For channels the situation is different. The customer specifies his worst case configuration, which is tested against the general channel requirements without considering the selected configurations. 3P's approval of a specific channel therefore cannot be extended to cover more components than those included in the tested configuration. The following types of channel configurations have so far been used:

• Channel Configuration 1: No cross-connect, no consolidation point, 5 metres of patch cable in each end
• Channel Configuration 2: No cross-connect, a consolidation point 7 metres from the wall outlet, 5 metres of patch cable in each end
• Channel Configuration 3: No cross-connect, a consolidation point 10 metres from the wall outlet, 5 metres of patch cable in each end
• Channel Configuration 4: A cross-connect with 5 metres of patch cord, no consolidation point, 2,5 metres of patch cable in each end
• Channel Configuration 5: A cross-connect with 2 metres of patch cord, a consolidation point 10 metres from the wall outlet connected with patch cable, 75 metres of horisontal cable, and 5 metres and 3 metres of patch cable at the wall outlet and cross-connect end, respectively

The testing includes verification of all permanent link and channel parameters specified in the amendments to CENELEC EN 50173 and ISO/IEC 11801, which also covers all parameters specified by TIA/EIA 568-A amendments. Furthermore the minimum EMC performance of permanent links and channels is measured if requested by the supplier. Results of any EMC performance measurements are presented in tables 22 through 25.

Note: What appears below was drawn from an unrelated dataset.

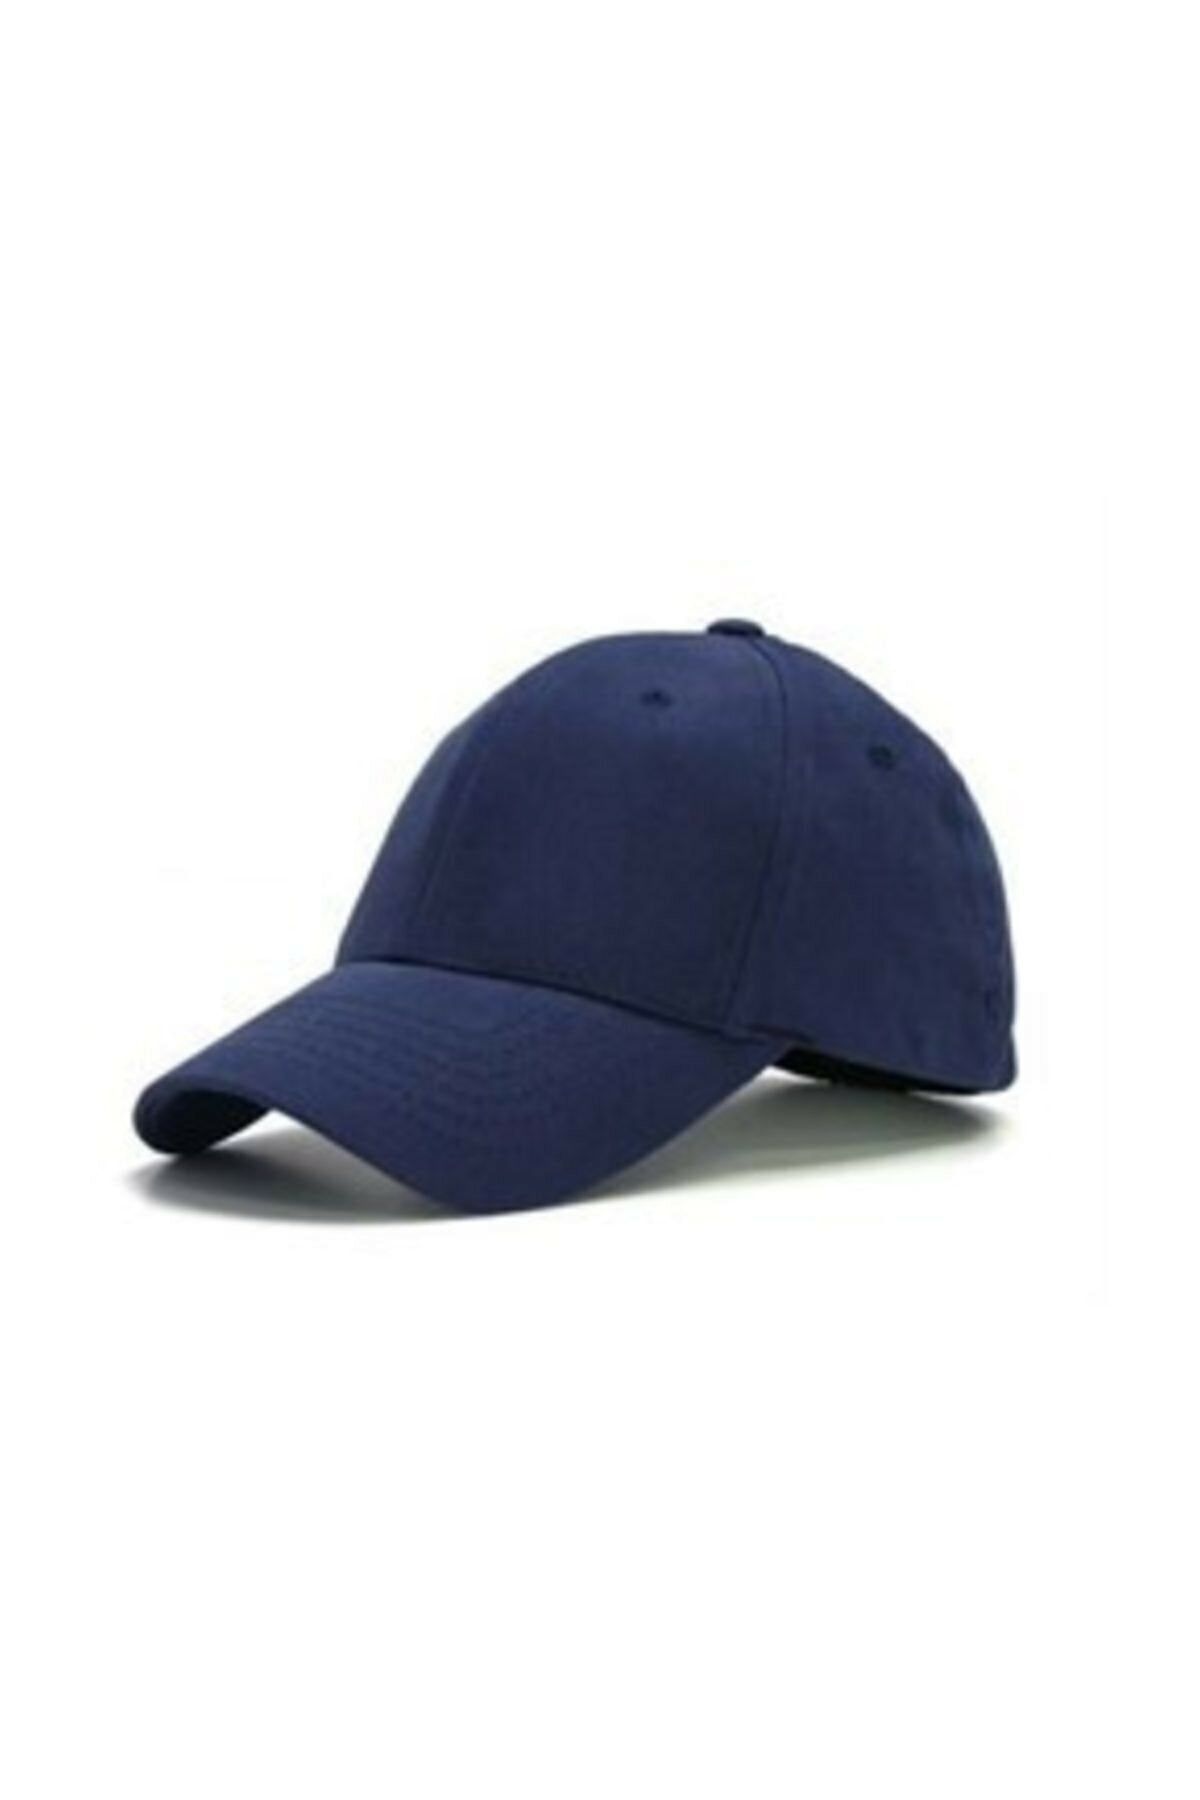 salarticaret Lacivert Düz Renk Unisex Şapka

As discussed in the guide to selection of cabling from permanent link and channel testing the qualification status of the cables and connecting hardware gives significant information to help to identify any risk of fluctuating component quality, which may cause degradation of permanent link and channel performance. Therefore the qualification status of components is specified for each permanent link and channel.

Likewise the latest date of approval is specified for each permanent link and channel. The risk of change in component performance will of course increase with time. 3P has therefore decided that a certification will only be valid approx. one year from granting of certification unless documentation from component producers is received by 3P and demonstrates that component performance is unchanged. The date of certification will then be amended in accordance with the latest date of documentation.

The following electrical performance standards apply for each of the four performance ratings Class D, Class D+, Class E and Class F:

Class D:

• ISO/IEC Generic Cabling Standard 121801, Addendum 1
• CENELEC Geeneric Cabling Standard EN 50173, Amendment 1
• ANSI/TIA/EIA Generic Cabling Standard 568-A, including Addendum 4 (modified for 2 2 metres of measurement cords for permanent links)

Class D+: All Class D standards referenced above

• ANSI/TIA/EIA-568-A-5 Category 5e Generic Cabling Standard (modified for 2 2 metres of measurement cords for permanent links)

Class E:

• All Class D+ standards referenced above
• ISO/IEC working group proposal Cancun 91
• CENELEC working group proposals for Class E (similar to Cancun 91)
• TIA/EIA Cat. 6 addendum to ANSI/TIA/EIA-568-A (modified for 2 2 metres of measurement cords for permanent links)

Class F:

• All Class E standards referenced above
• ISO/IEC working group proposal Cancun 91
• CENELEC working group proposals for Class F (similar to Cancun 91)